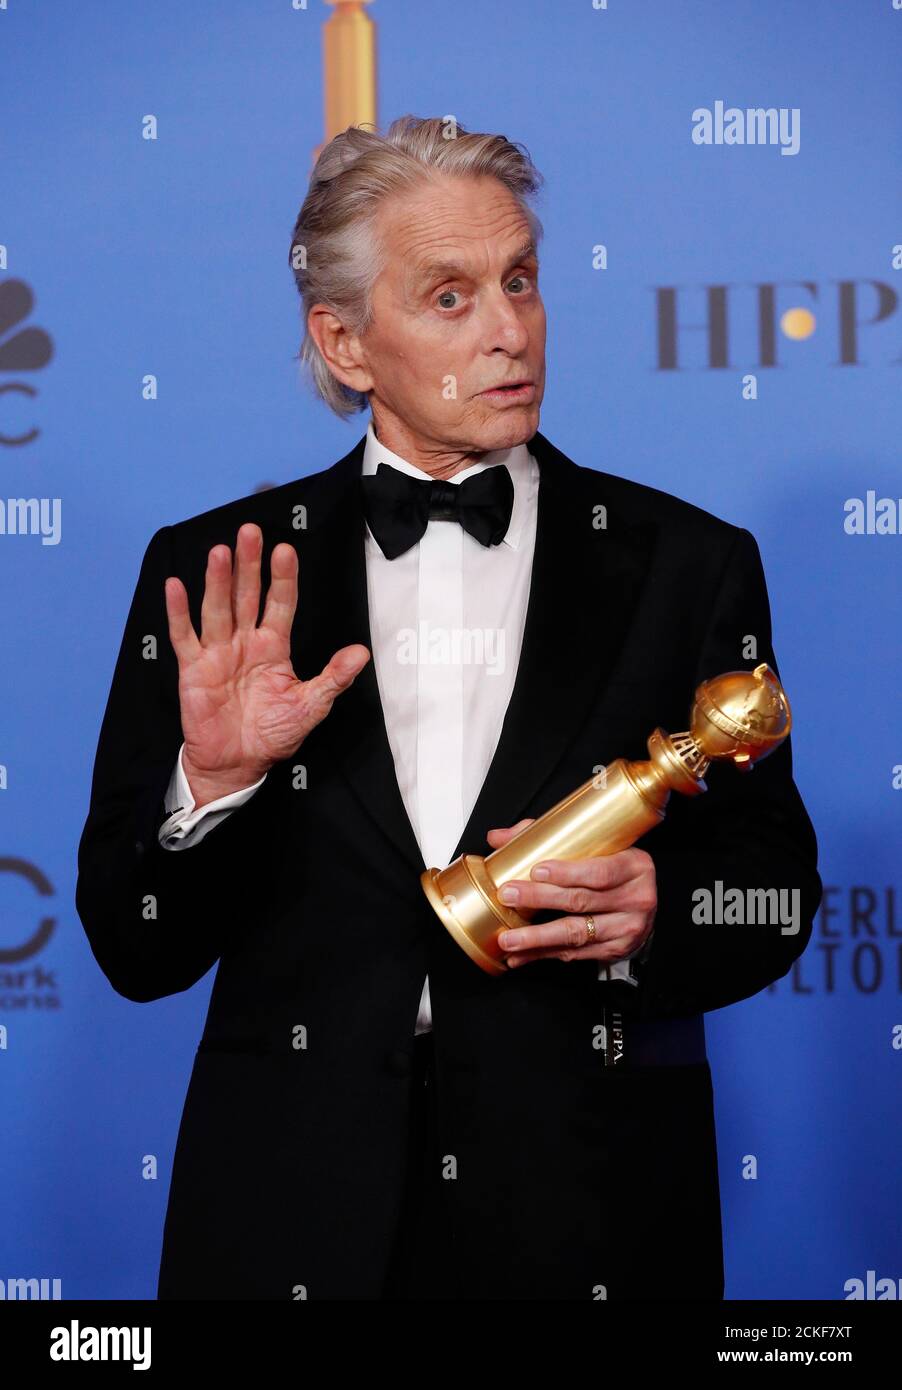 76th Golden Globe Awards - Photo Room - Beverly Hills, California, U.S., January 6, 2019 Michael Douglas poses backstage with his trophy for Best Performance by an Actor in a Television Series - Musical or Comedy  for 'The Kominsky Method'. REUTERS/Mario Anzuoni Stock Photo
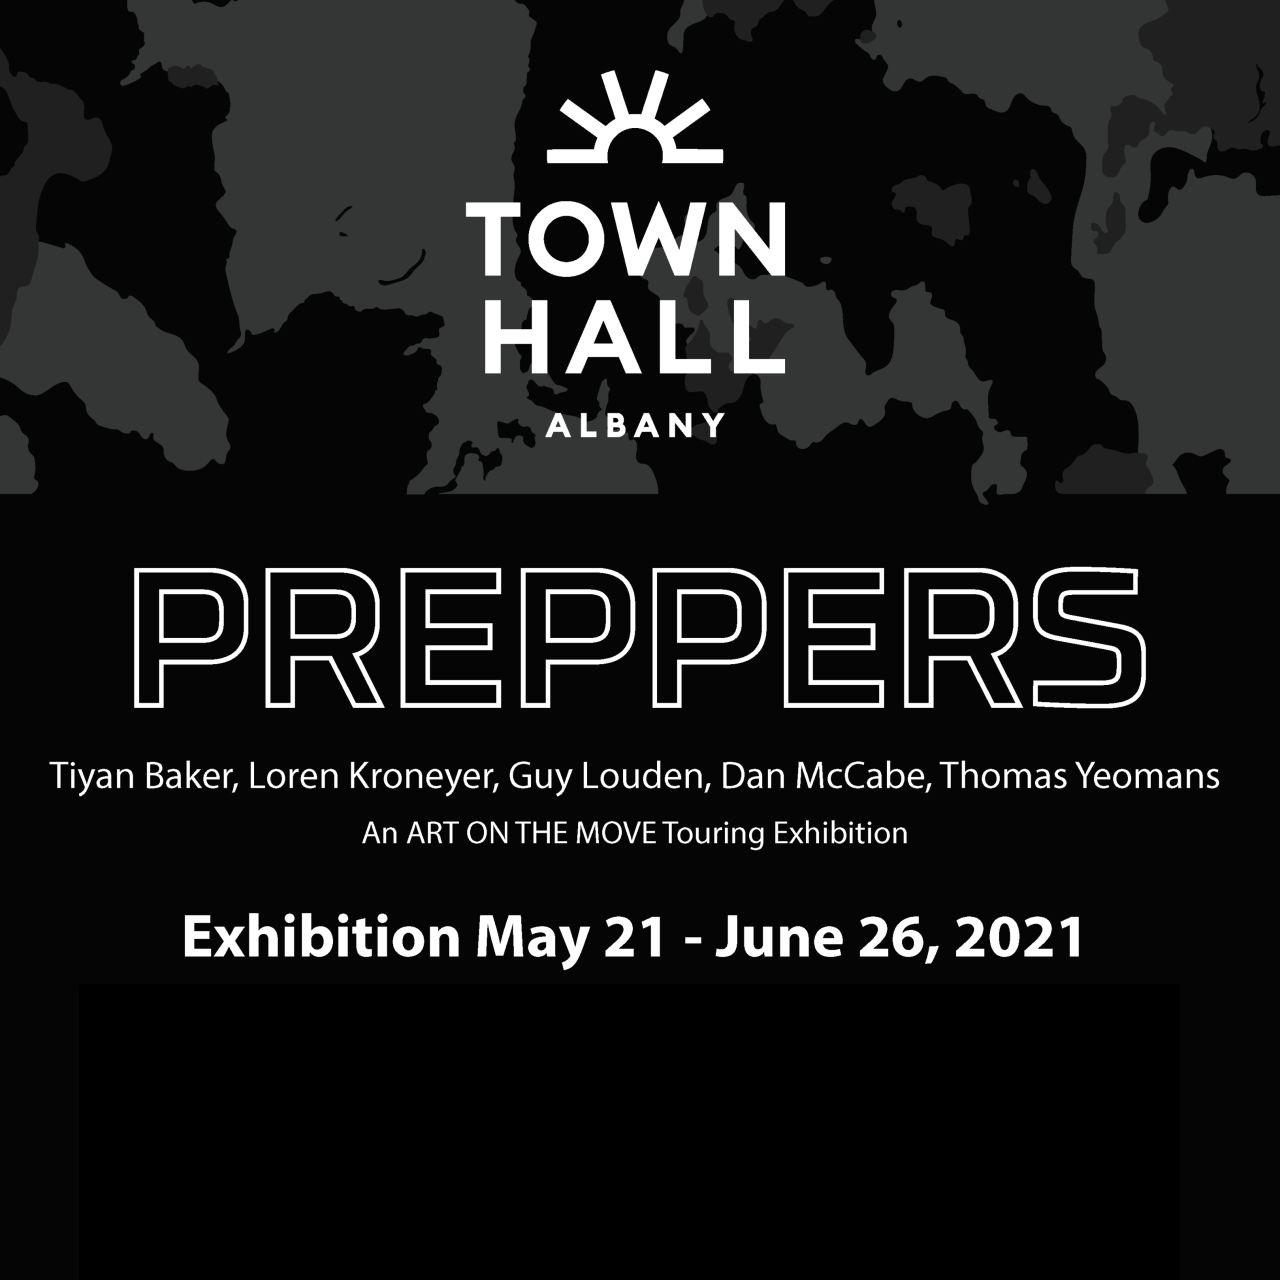 Preppers opens at the Town Hall
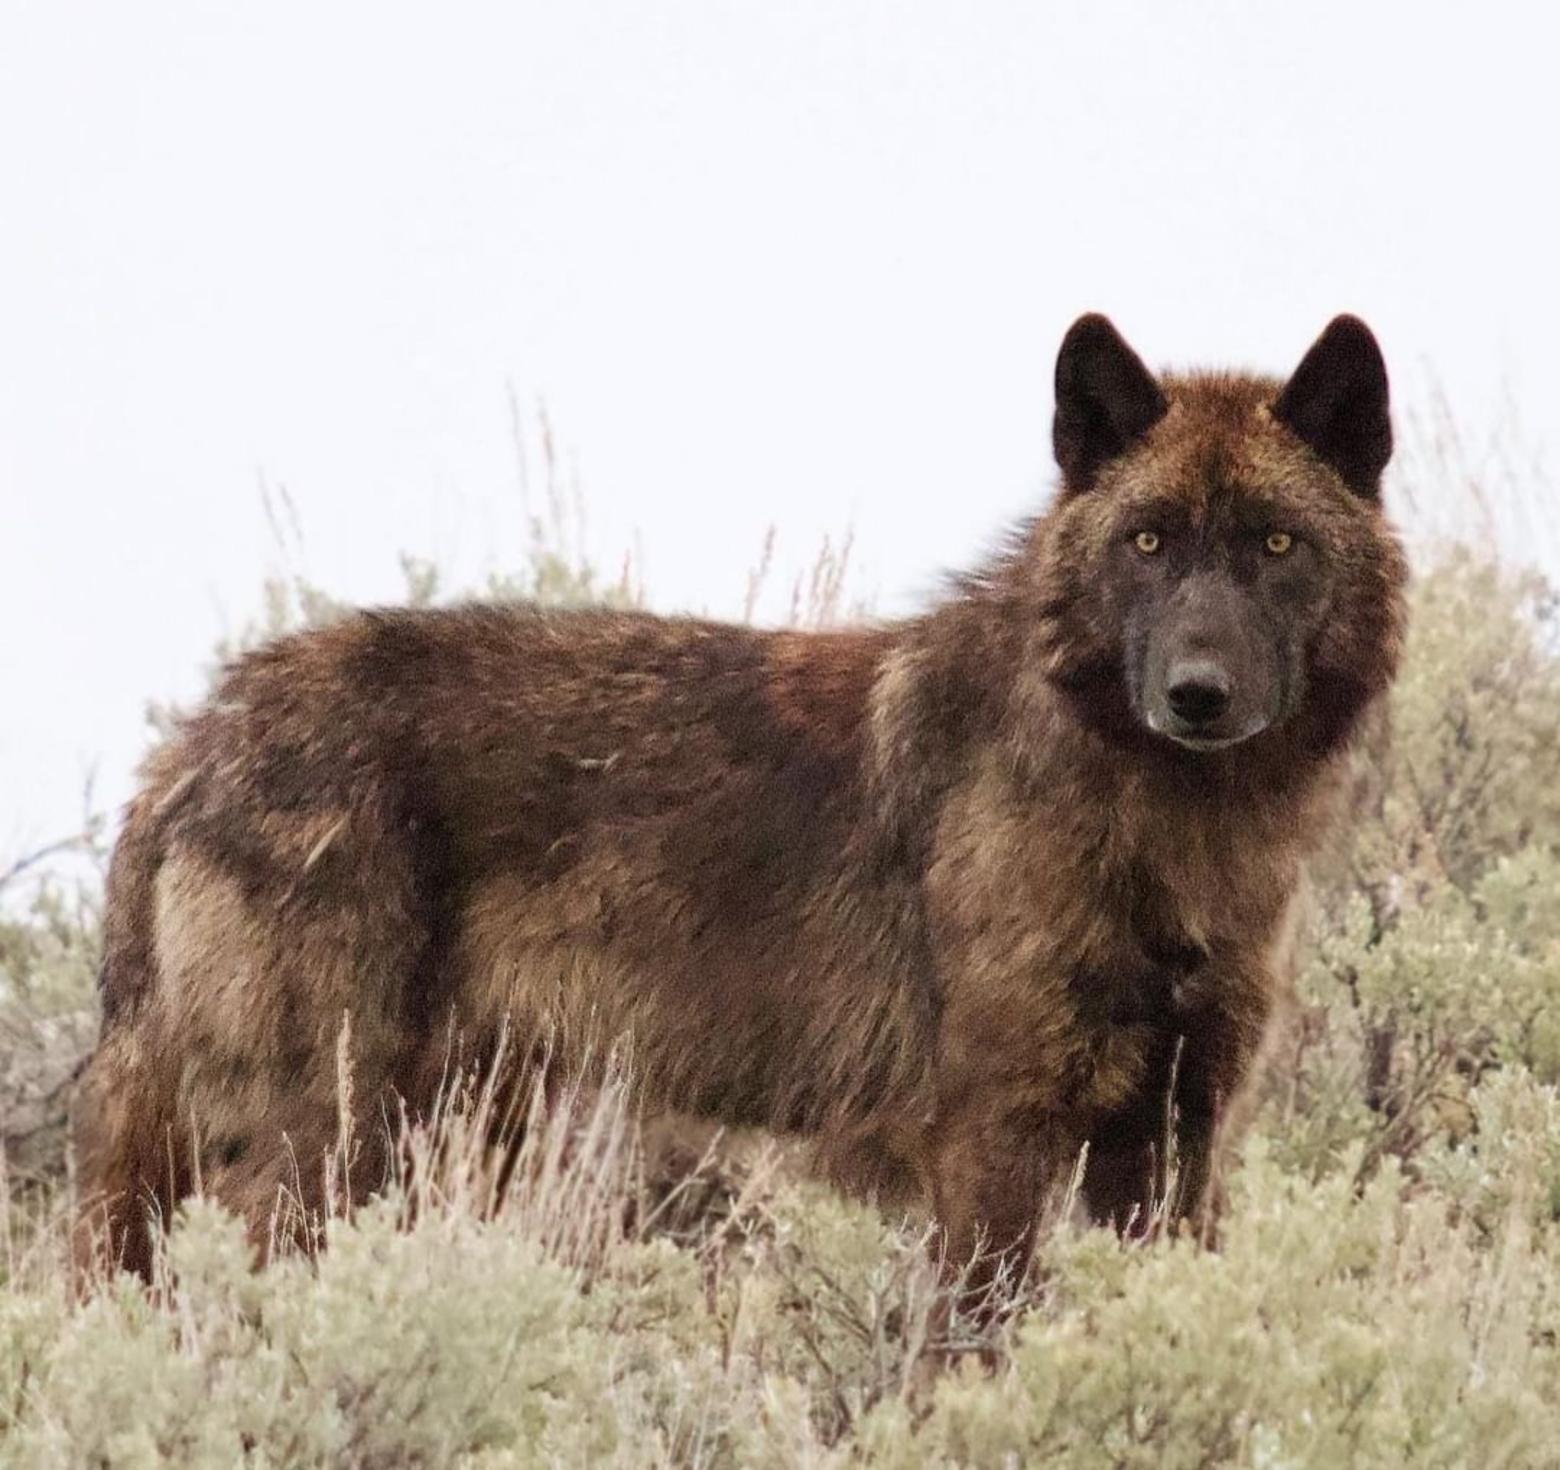 A gray wolf in Yellowstone National Park stares into photographer Ben Bluhm's lens. May 2022. Results from a recent survey indicate that tolerance for wolves among Montana residents is growing. Photo by Ben Bluhm

-*-

# Problem statement
Drop the pictures and copy the data exactly.

# Answer box
 76th Golden Globe Awards - Photo Room - Beverly Hills, California, U.S., January 6, 2019 Michael Douglas poses backstage with his trophy for Best Performance by an Actor in a Television Series - Musical or Comedy  for 'The Kominsky Method'. REUTERS/Mario Anzuoni Stock Photo
 Preppers opens at the Town Hall
 A gray wolf in Yellowstone National Park stares into photographer Ben Bluhm's lens. May 2022. Results from a recent survey indicate that tolerance for wolves among Montana residents is growing. Photo by Ben Bluhm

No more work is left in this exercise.